The Centro barrio is where the government happens, and where Argentinians practice the art of protest. Most days there seems to be some rally down the Avenida 9 de Julio, and tourists are warned to avoid them. There was no avoiding filling my new pants every time a huge firecracker went off sounding a lot like a gunshot as a parade of vociferous trade unionists marched in the name of a dead politician named German Abdala in front of a bored-looking police line.

San Telmo is the old town, also a bit dodgy late at night but by day just a little tired, with grimy, crumbling buildings that aim for venerability but look more like Toxteth high street. A old man in faded army fatigues patrolled the streets of San Telmo with a huge truncheon, and nobody seemed to bat an eyelid. The barrio of La Boca meanwhile is a tourist trap filled with smiling murderers, apparently, so we didn’t go there.

Argentina is famous as a land of tango, but our half-hearted attempt to watch some ended in not-unhappy failure. We settled instead for a spot of polo, joining the appalling jumpers-round-shoulders brigade in a large arena built for this utterly unknowable sport. The players seemed to miss the ball as often as not, a ball that’s virtually impossible for spectators to follow, and nobody fell off and lost a shoulder, which was more than disappointing given the steep 100 peso (£6.50) entrance fee.
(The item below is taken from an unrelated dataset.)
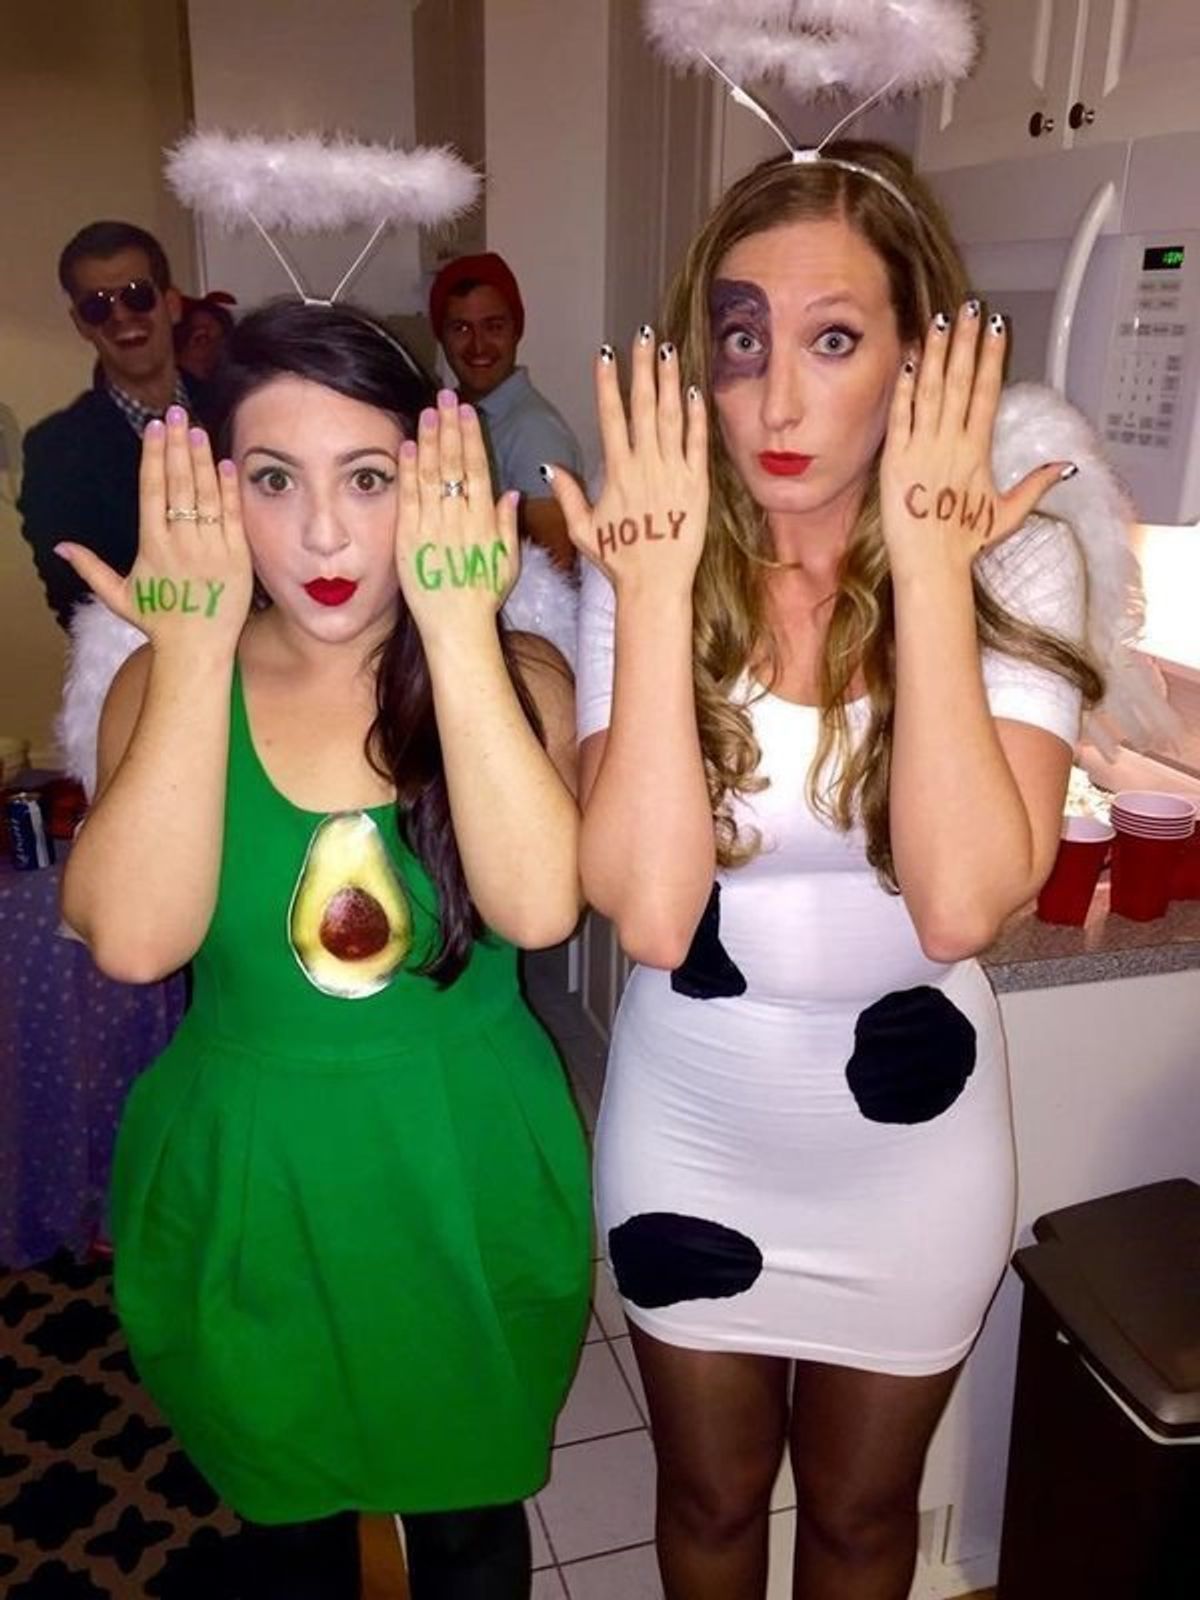 11 Halloween Costumes That Will Make You LOL

Both teams seemed to be shooting at the same goal, and it somehow ended 12-6. In the second game there was a man playing called Ignatius Duplessis, so we left at half time.

 

 

After four days of stumbling around Buenos Aires it was hard to say whether it was a likeable place – it was so European, and yet simultaneously harder to gauge than anywhere in the world I’d been before. But then we spent a day in Montevideo and a couple more at the Iguazu Falls to the north (where this committed Guinness drinker was delighted to exclaim “Oh my word, that’s a fucking Toucan!”) before heading back to the Argentine capital. Unexpectedly, the return to Buenos Aires seemed somehow like a homecoming. I had missed it – it had got under my skin and I hadn’t even known it.

And there’s the key to Buenos Aires. Is it a city for tourists? Maybe, though it’s bloody hard work and unforgiving if you don’t play the game. But to live there, now that would be easy – you’d get the basics of the language in a few weeks, you’d work out what the hell the blue rate is about, and you’d soon realise the cab drivers are a solid part of the infrastructure, not all buddies of Paulie Walnuts. Maybe I’ll never visit Buenos Aires again, but if I ever get tired of London (and in turn Helsinki, Philadelphia and Melbourne), I know where I’ll be looking up house prices.